# YOUR INSTRUCTIONS:
Your response to the data below should hold nothing except the lines from the one containing "Soup spoon - Pop unis - Cerulean blue" down to the one containing "Buy Limnos Cat 3 Dp Navy Blue Sneakers", reproduced exactly and without pictures.

# INPUT RECORDS:
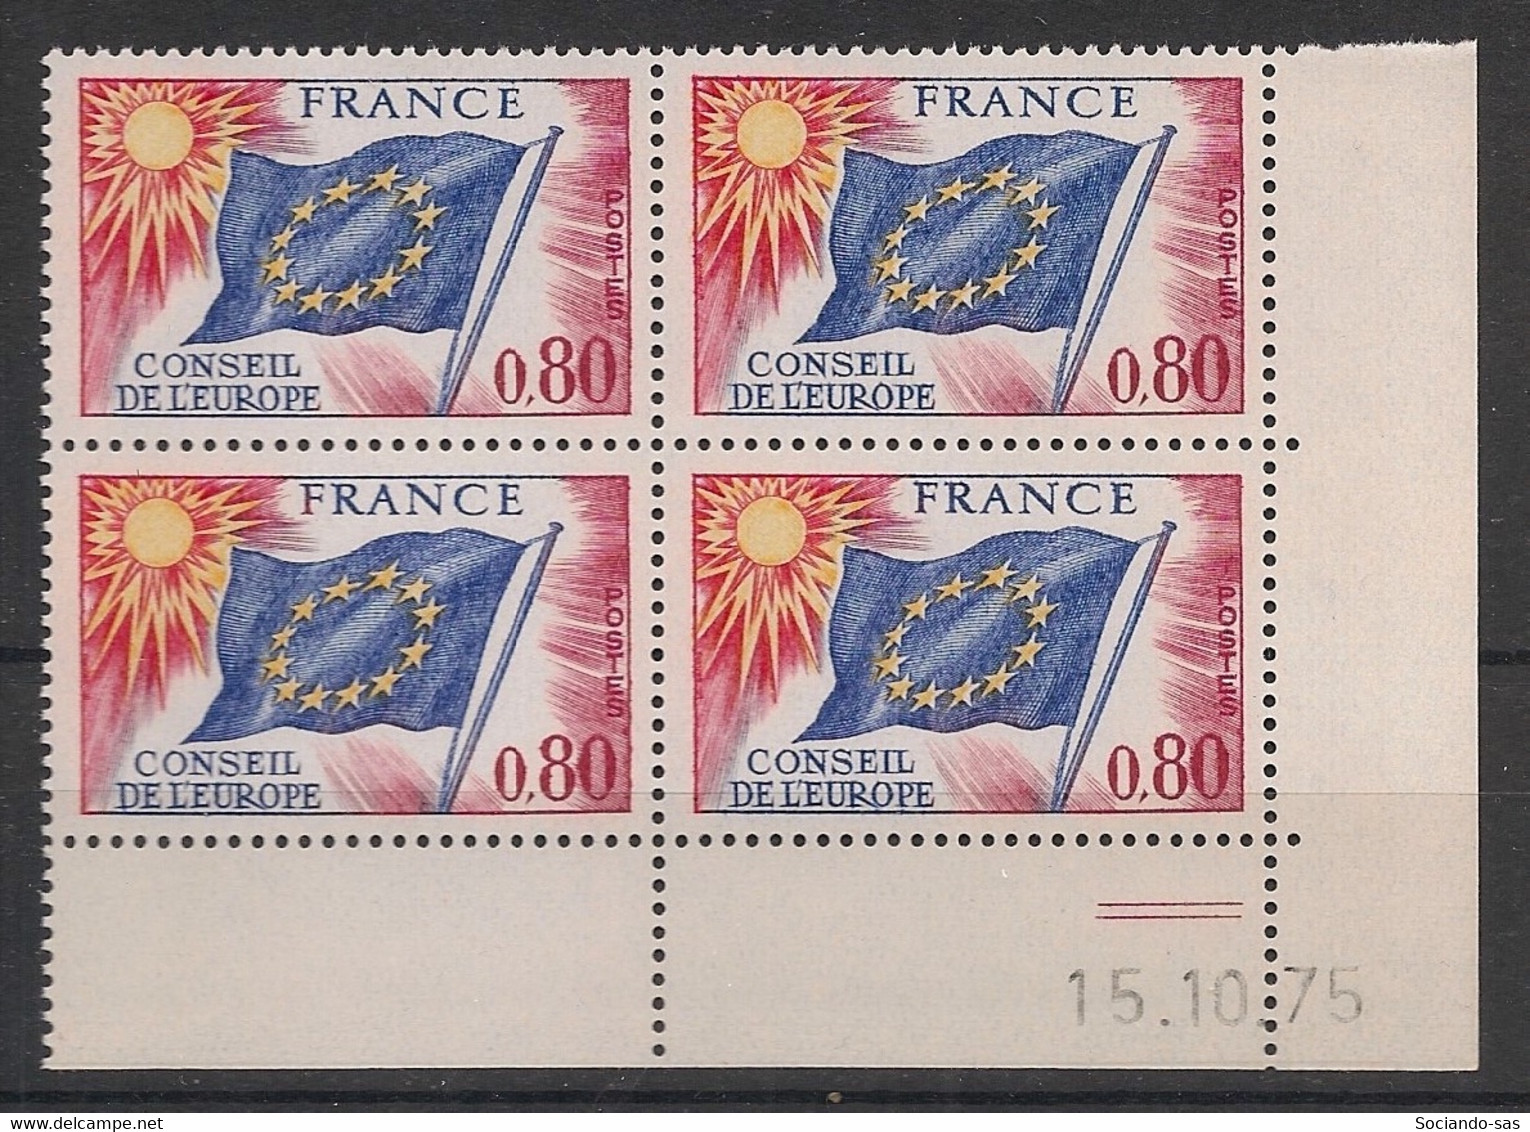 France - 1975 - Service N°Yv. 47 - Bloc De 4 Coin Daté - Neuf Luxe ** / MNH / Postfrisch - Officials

==

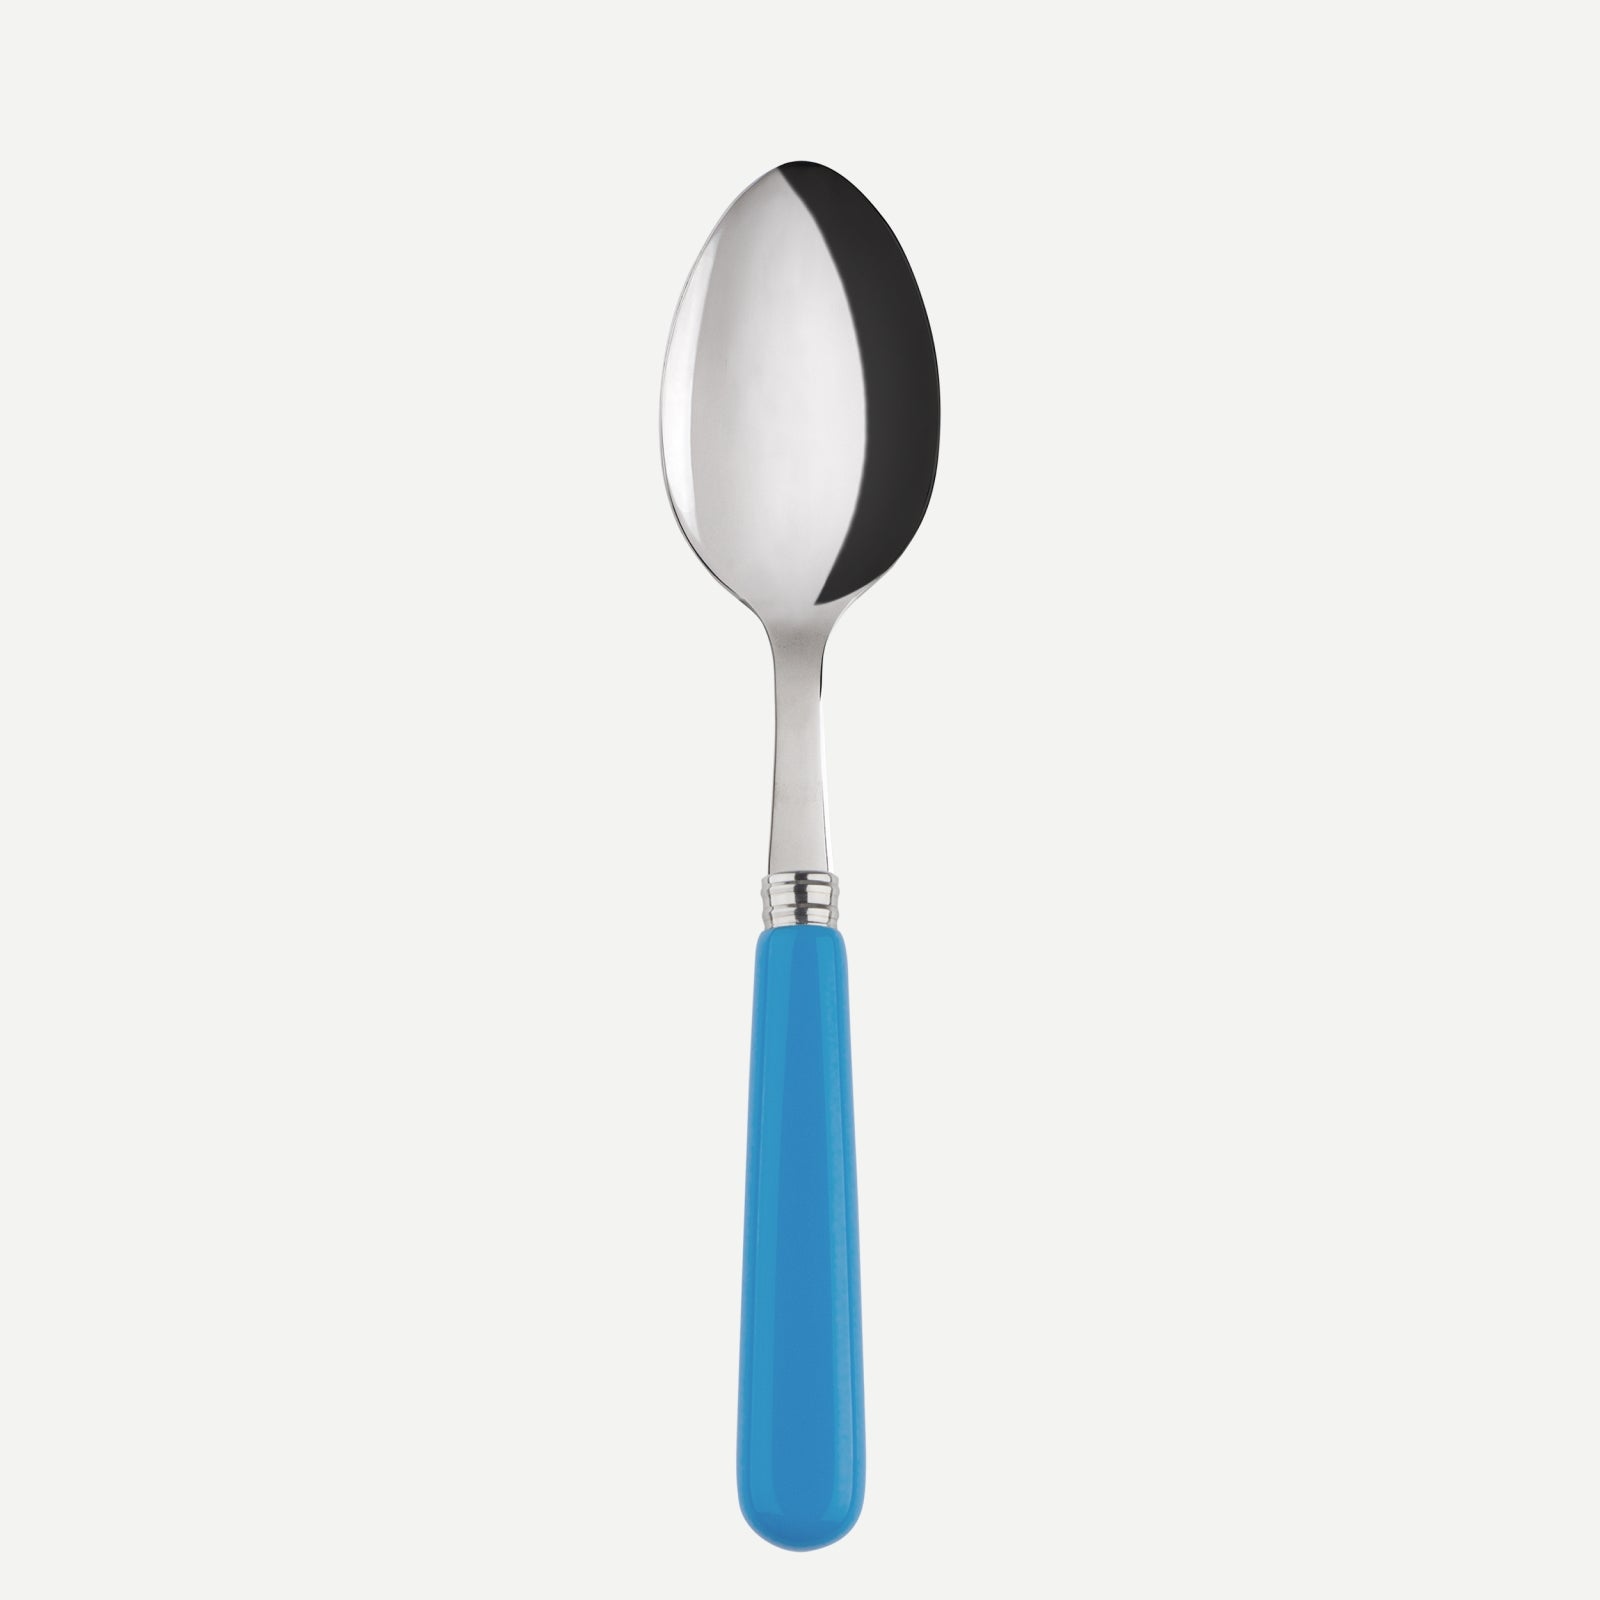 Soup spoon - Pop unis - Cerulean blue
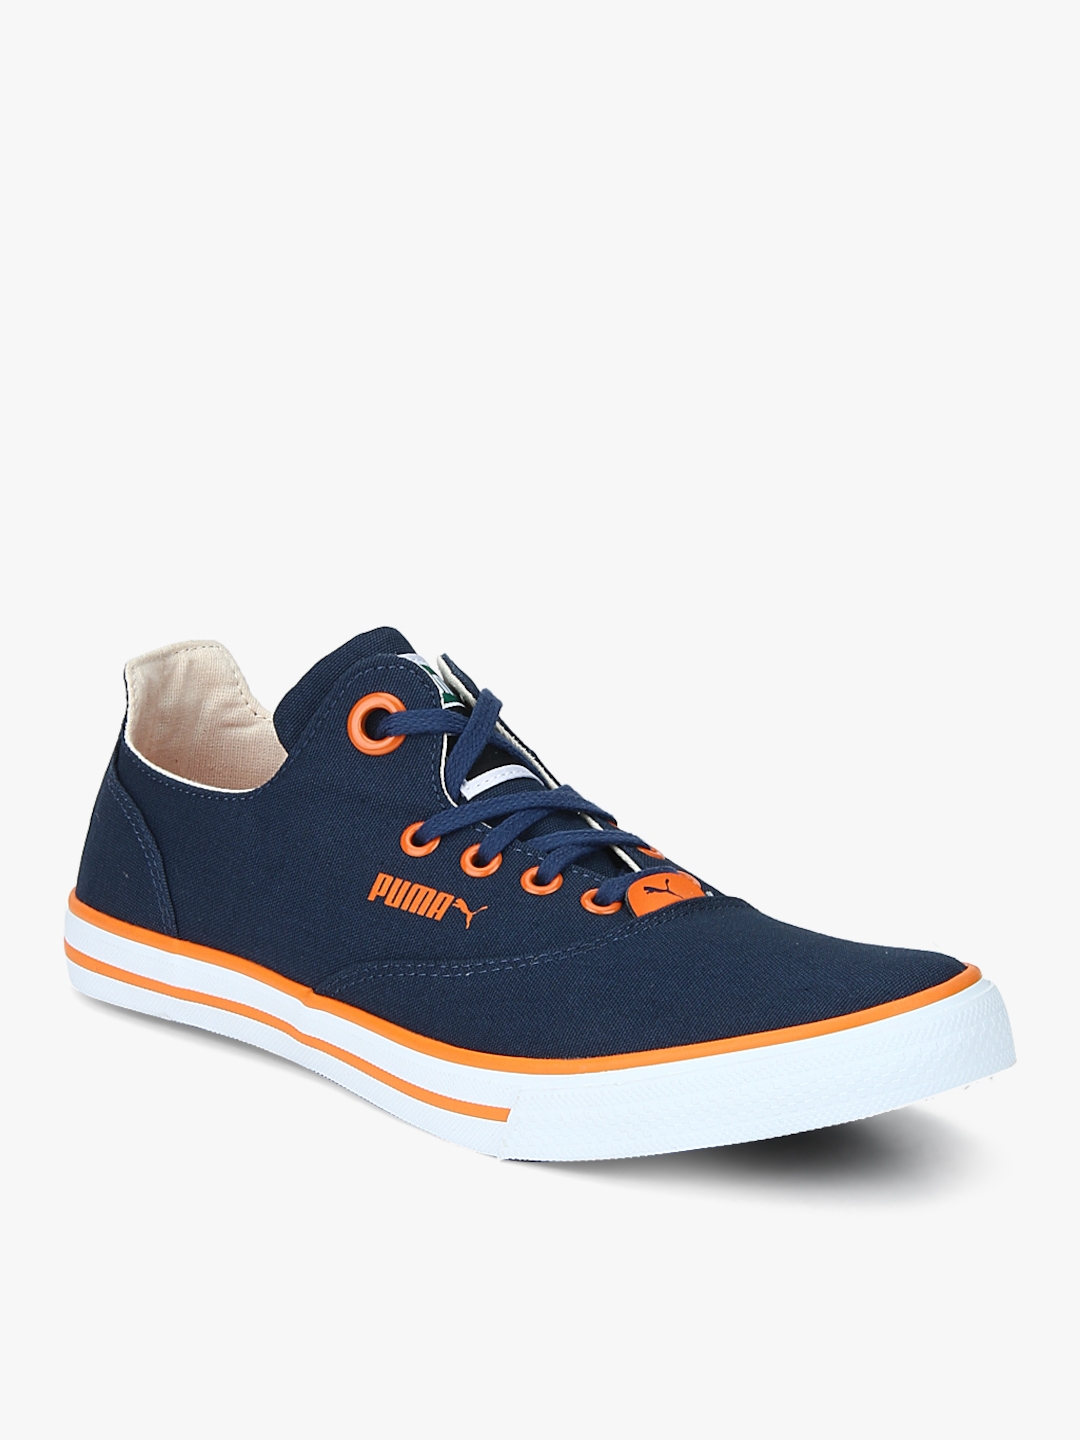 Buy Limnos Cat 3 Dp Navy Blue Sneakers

# WRITTEN REPLY:
 Soup spoon - Pop unis - Cerulean blue
 Buy Limnos Cat 3 Dp Navy Blue Sneakers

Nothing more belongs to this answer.